→ **DIRECTIONS FOR THIS TASK**
Leave out the pictures and repeat the data exactly.

→ **RECORDED DATA**
[Start of Attachment]
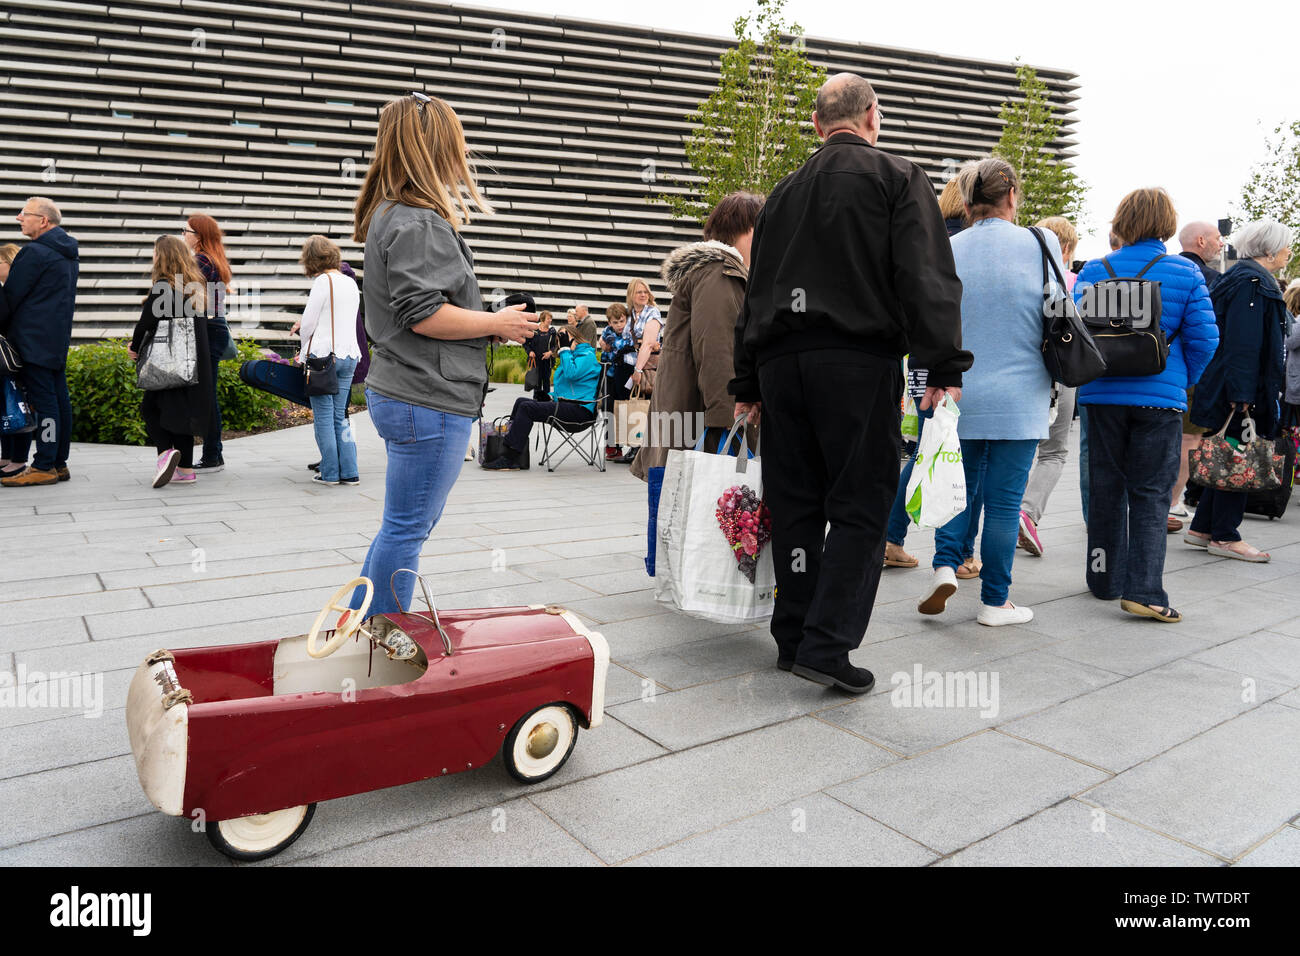 Dundee, Scotland, UK. 23 June 2019. The BBC Antiques Roadshow TV programme is aiming on location t the new V&A Museum in Dundee today. Long queues formed as members of the public arrived with their collectables to have them appraised and valued by the Antiques Roadshow experts. Select items and their owners were chosen to be filmed for the show. Credit: Iain Masterton/Alamy Live News Stock Photo
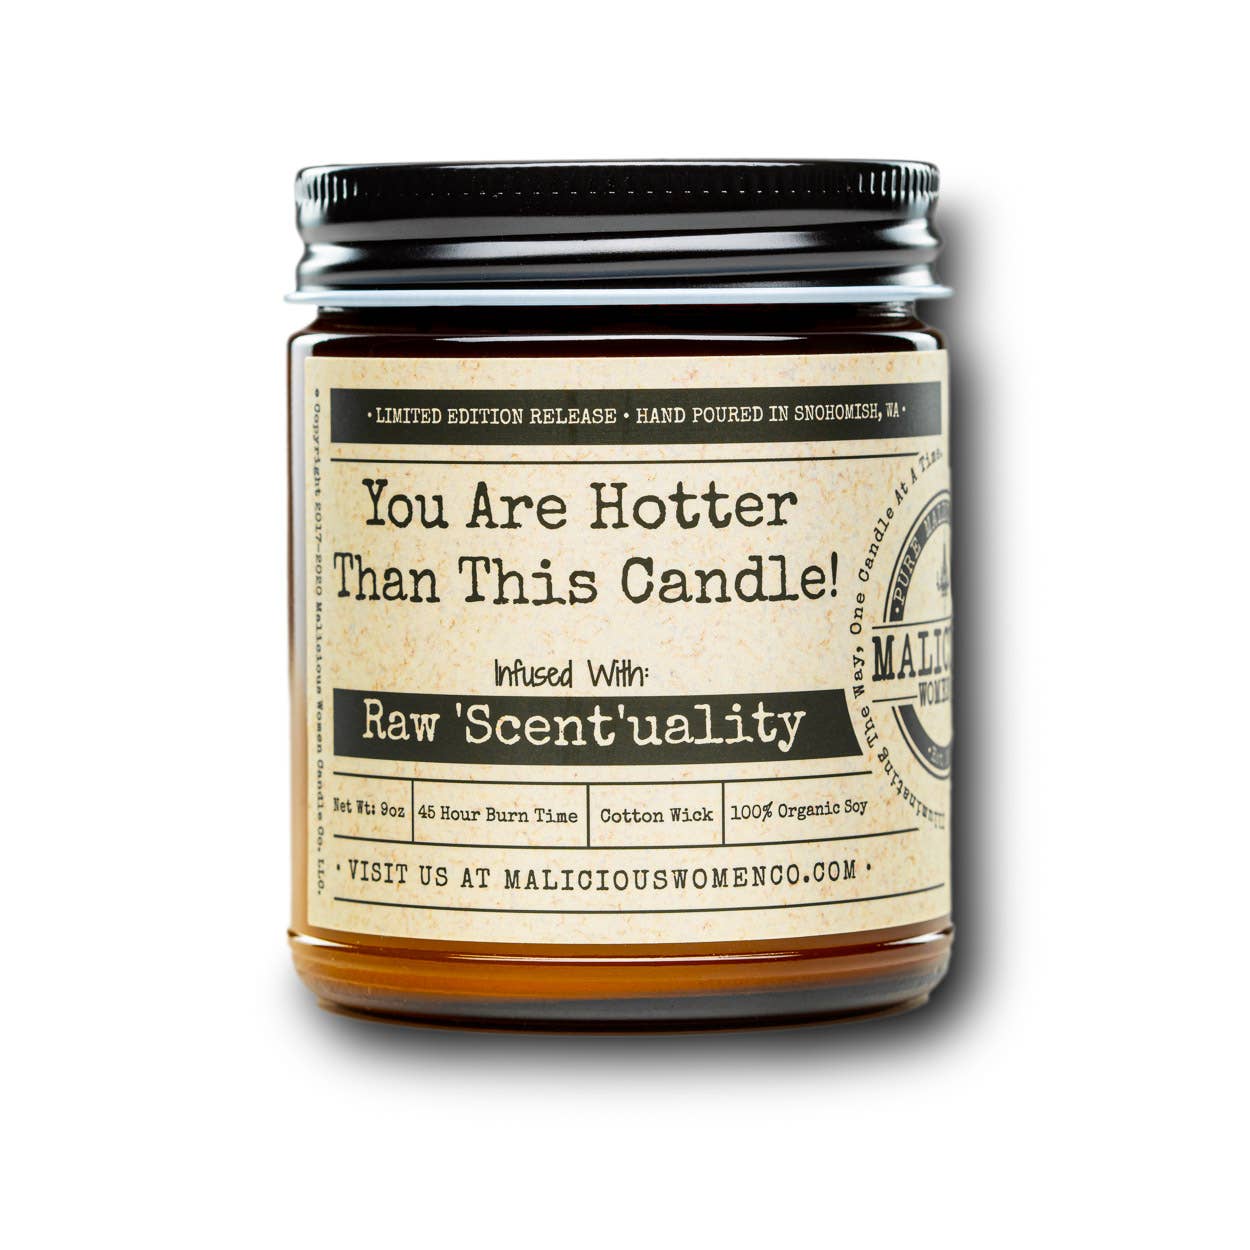 You Are Hotter Than This Candle! -  " Raw 'Sent'uality " - Malicious Women Candle Co
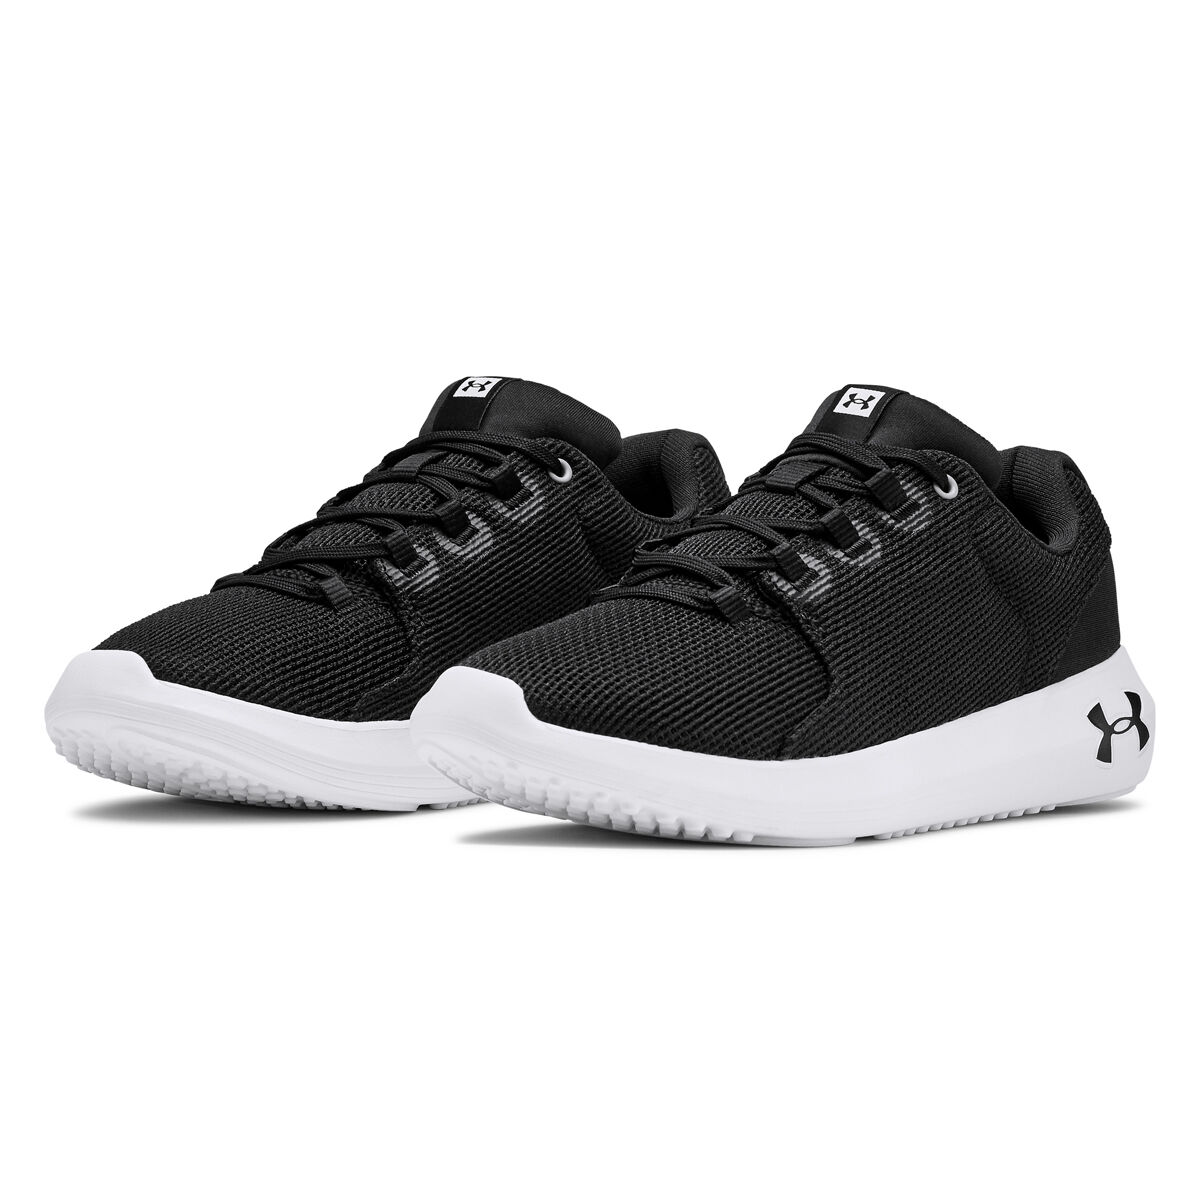 white under armour tennis shoes
[End of Attachment]
→ **SOLUTION**
 Dundee, Scotland, UK. 23 June 2019. The BBC Antiques Roadshow TV programme is aiming on location t the new V&A Museum in Dundee today. Long queues formed as members of the public arrived with their collectables to have them appraised and valued by the Antiques Roadshow experts. Select items and their owners were chosen to be filmed for the show. Credit: Iain Masterton/Alamy Live News Stock Photo
 You Are Hotter Than This Candle! -  " Raw 'Sent'uality " - Malicious Women Candle Co
 white under armour tennis shoes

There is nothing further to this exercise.